ASIC, APRA or the AFP can disclose the identity of an eligible whistleblower, or information that is likely to lead to the identification of the eligible whistleblower, to a Commonwealth, State or Territory authority to help the authority in the performance of its functions or duties.
As set out in the body of the Policy disclosures can be made anonymously.Such disclosures are still capable of being protected under the Corporations Act and Tax Act.
7.10 No immunity
The protections mentioned above do not grant immunity for any misconduct a whistleblower may have engaged in that is revealed in their disclosure.
8 Our Roles & Responsibilities
The roles within EG Australia's Speak-Up program are summarised in the table below.
|Program owner||GC and CPO||The GC and CPO jointly oversee the Speak Up program.|
|Whistleblower Protection Officer||EG Australia will appoint a senior manager as the Whistleblower Protection Officer||The Whistleblower Protection Officer is a senior member of management and will be independent of the investigation process and equipped to review or escalate the whistleblower's concerns.|
|Day-to-day manager||CPO||The day-to-day manager views incoming anonymous reports, assigns these reports to case managers, and manages them as they conduct investigations. This person is the first line of escalation and works collaboratively with case managers to ensure anonymous reports are heard and acted upon.|
|Case manager||The GC will assign an independence case manager to investigate a whistleblower report.||Case managers are assigned anonymous reports and their role is to investigate these reports. This includes interacting and asking questions of informants, as well as using the information provided to investigate the report submitted. Their investigation can be internal or external to the organisation depending on what was documented in the report. Their goal is to gather the facts and put forth a final report to management on what happened and what action they feel needs to take place.|
|People & Culture team||Colleagues from people and culture assist in the management of the external Speak Up provider and may be called upon to provide advice and guidance during any investigation.
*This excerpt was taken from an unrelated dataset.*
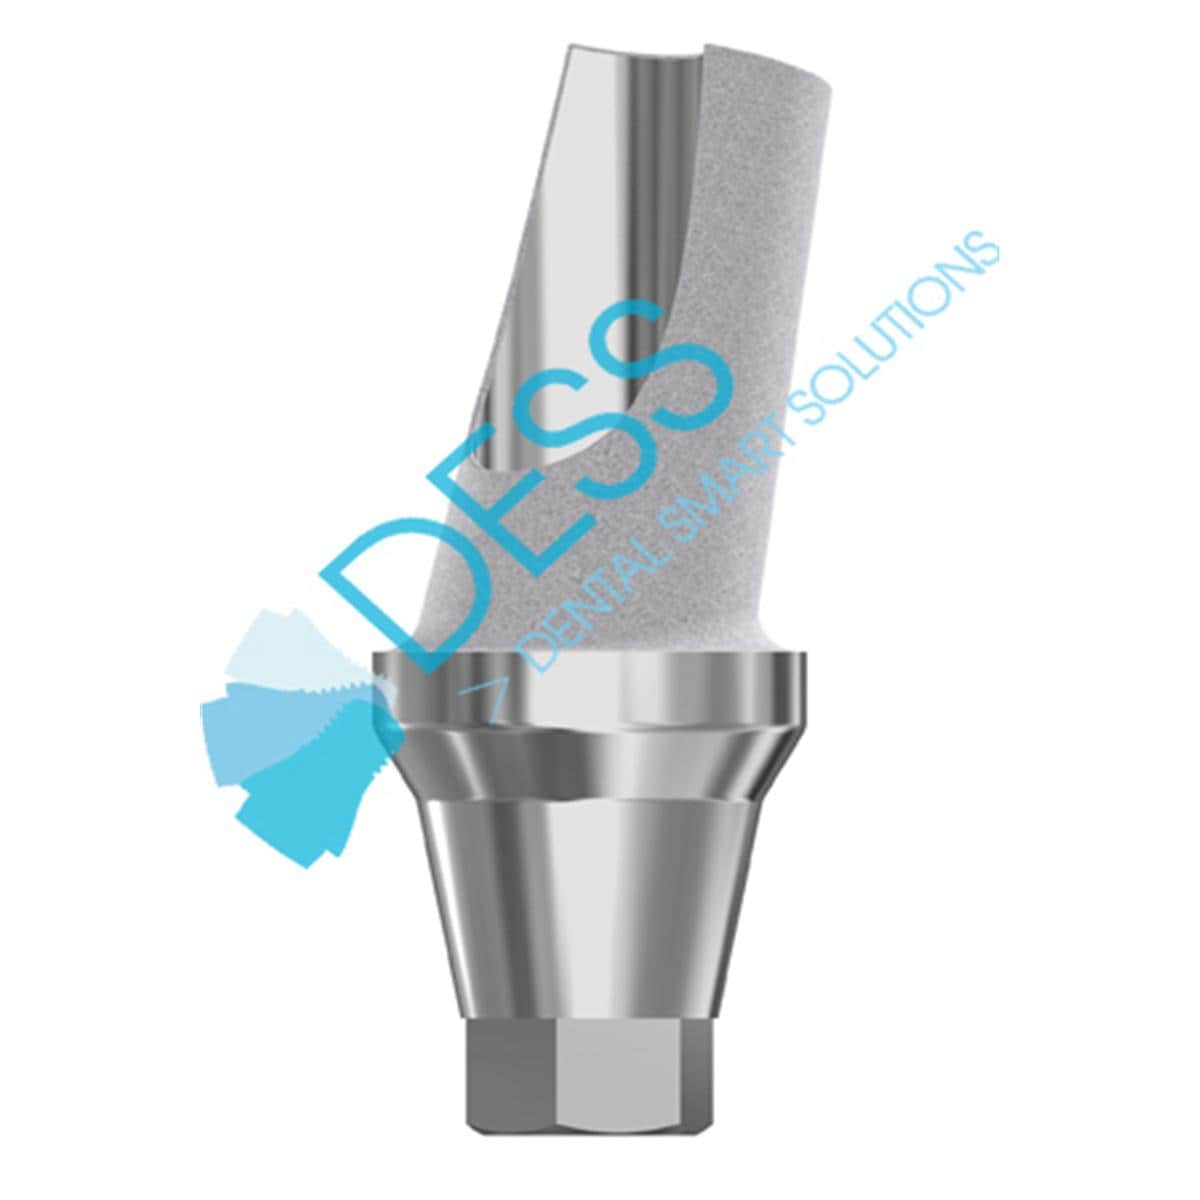 Titanabutment - kompatibel mit Astra Tech™ Osseospeed™ - Lilac (WP) Ø 4,5 mm - 5,0 mm, 15° gewinkelt

The Speak Up program leverages their expertise and acumen to ensure EG Australia are using HR best practices during investigations and we are treating all team members fairly.|
The GC will convene a Speak Up Committee every 6 months (or on an as-needs basis) to review a sample of allegations, to ensure consistency of resolution and make recommendations as to improvement opportunities relating to the operation of the Speak Up program more broadly. The committee will comprise of the GC, CPO and other senior leaders.
The Board of EG will receive an update on six monthly intervals on EG Australia’s Speak Up program. The Board at any time can ask about anonymous reports, investigations, as well as the state of the program.
This policy will be reviewed regularly and will be made available to EG Australia officers and employees on the intranet and website.
10 What training does EG provide?
General training on how to make reports is available for all employees in our Code of Conduct learning module. Specialist training will be made available for employees who are involved in the process of handling reports.